If having the user provide the number of sequences that should go into each split (as we are here), they will need to know the length of seqs to make the best decision for the computer where they will run the job. For example, if they have 16 processors available to them, it might make the most sense to have around 15 splits, so they’ll need to know the number of sequences they’re providing as input and divide that by 15 (rounding fractional values up to the next whole number).

If instead, we have the user define how many splits they want (e.g., by providing a num_splits value), the computer will need to know how many sequences to put in each split, so it will need to know the length of seqs to make a good decision. That will require either taking two passes through seqs - first to find out how many sequences there are, and second to do the actual splitting - or reading the entirety of seqs into memory (e.g., calling list(seqs)). The first of these two options can be slow if seqs is long, and the second can be problematic if the size of seqs is larger than the amount of available RAM.

The best option may be to let the user choose between these two approaches by either providing split_size or num_splits. If providing num_splits will be problematic due to runtime or required memory, they can opt to figure out the split_size themselves and provide it.

For the sake of this example I’m going with the simplest option of just requiring the user to provide the split_size. As an exercise after completing this section, implement the alternative approach of allowing the user to either provide the split_size or num_splits.

Registering `split_sequences`#

split_sequences will be used in our search_and_summarize Pipeline, and we therefore need to register it as a new Action on our plugin. This is done in the typical way, and at this point you’re probably getting fairly comfortable with this.

The one thing that is needed here, but which we haven’t encountered yet in other Actions, is allowing for an arbitrary number of outputs: the individual splits of sequences. The combination of the number of sequences in an input and the user-specified split_size will define how many outputs will be generated by a call to this action, so it’s not possible for us to determine this when registering the action. We therefore define our output type as a Collection of FeatureData[Sequence] artifacts, which we annotate as Collection[FeatureData[Sequence]] in the outputs dictionary. To achieve this, import Collections from qiime2.plugin at the top of your plugin_setup.py file.
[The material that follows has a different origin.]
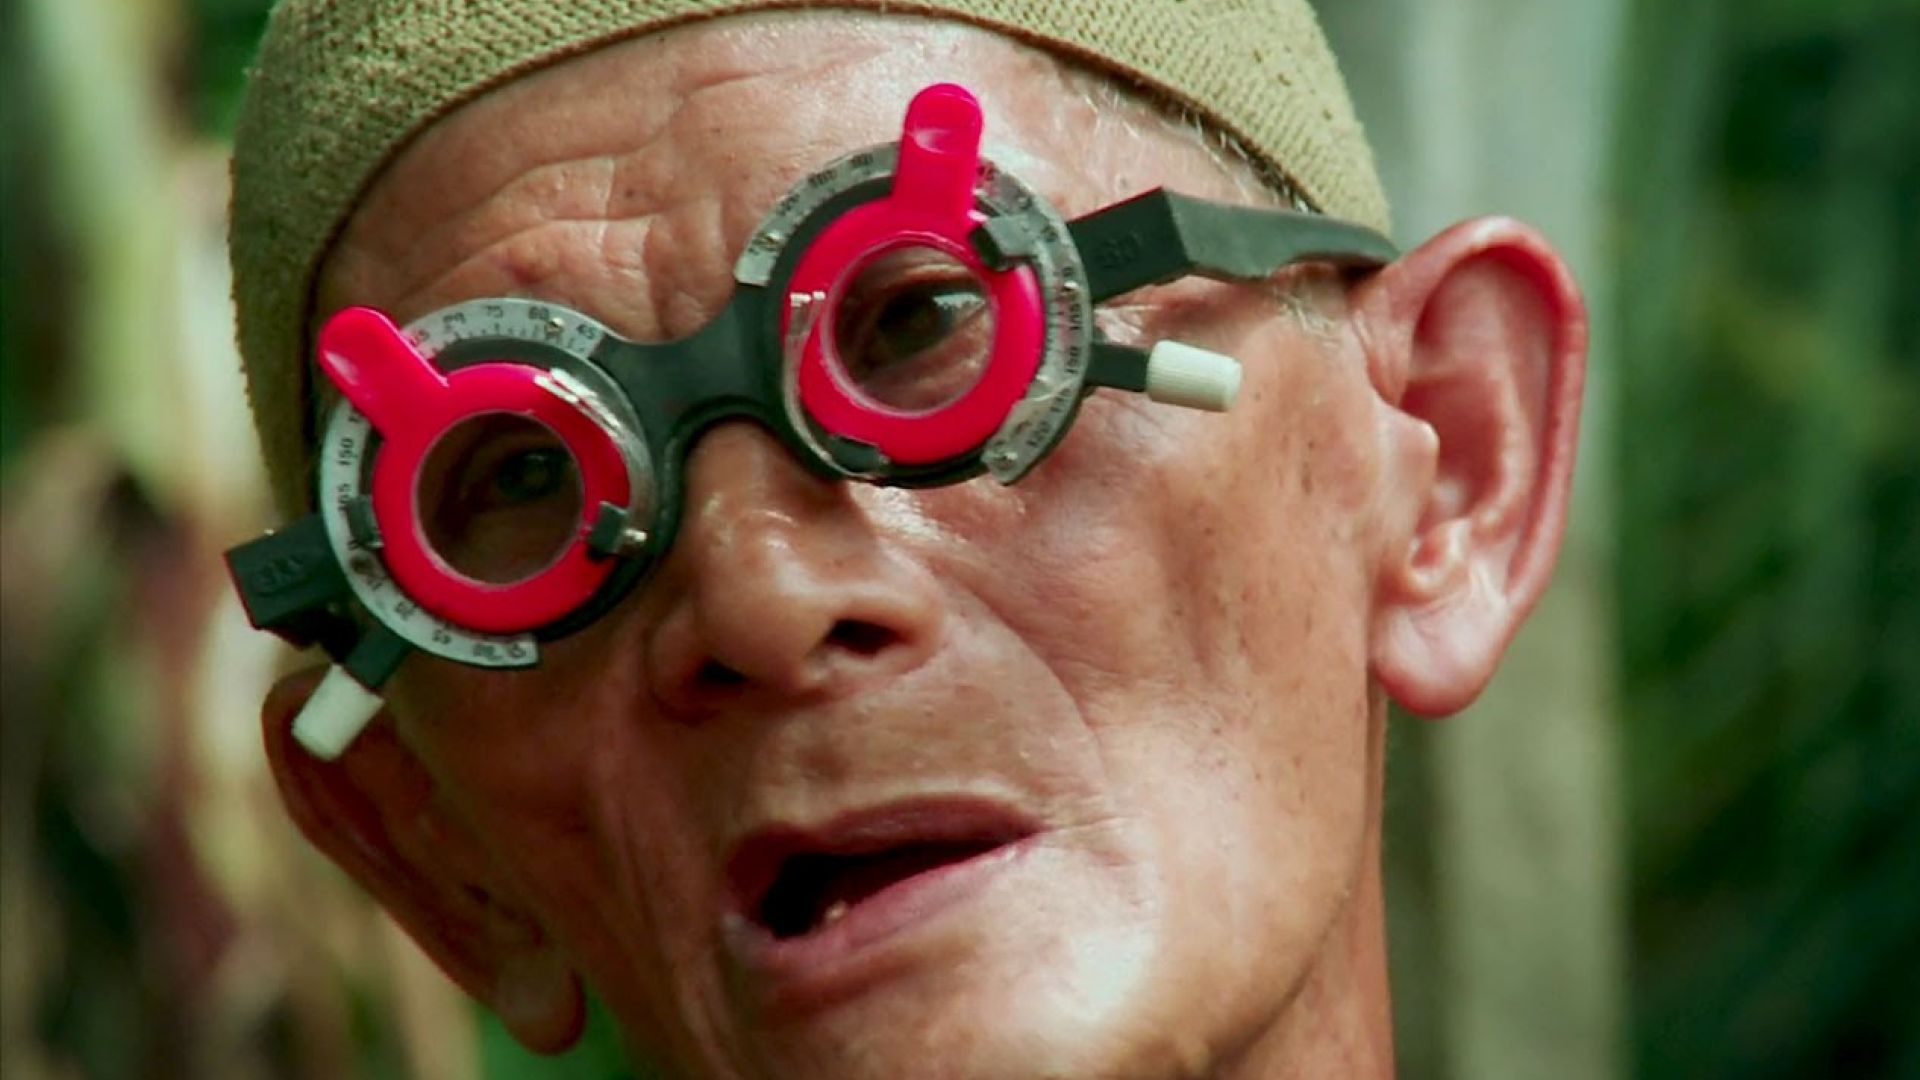 Must-see follow-up doc to Joshua Oppenheimer’s The Act of Killing, The Look of Silence trailer

In your call to plugin.methods.register_function, you can then pass:

outputs={'splits': Collection[FeatureData[Sequence]]}

Using that tip to handle the generation of an arbitrary number of outputs, refer to the other actions that you’ve registered, and start implementing the registration step without referring to the code in q2-dwq2. Once you’ve done that and have it working, take a look at my call to plugin.methods.register_function in the plugin_setup.py file of q2-dwq2 to see if you missed anything that I included (I added the code in this commit: caporaso-lab/q2-dwq2).

Defining and registering a combine method#

Our combine method is effectively performing the opposite operation relative to our split method. In this case, we need a method that takes multiple LocalAlignmentSearchResults Artifacts as input, and returns them in a single, combined LocalAlignmentSearchResults Artifact. Let’s create a new combine_las_reports function.

def combine_las_reports(reports: pd.DataFrame) -> pd.DataFrame:
    results = pd.concat(reports.values())
    return results

In this function, reports, which is a dict of one or more pandas DataFrames, are combined using the pandas.concat function, which concatenates DataFrames in the order in which they’re received. The resulting object is a single DataFrame, which we’ll return from this function.

Note

Something you might notice when looking at this function’s signature is that the view type for the collection of local alignment search reports (the reports variable) is pd.DataFrame, not a collection of DataFrames as you might expect. QIIME 2 doesn’t differentiate between single inputs and collections of inputs in the type annotations of functions to be registered as Actions. This was also apparent above, when split_sequences was annotated as returning a DNAIterator, which will always be a Python dictionary where DNAIterator objects are the values. This is just something to be aware of.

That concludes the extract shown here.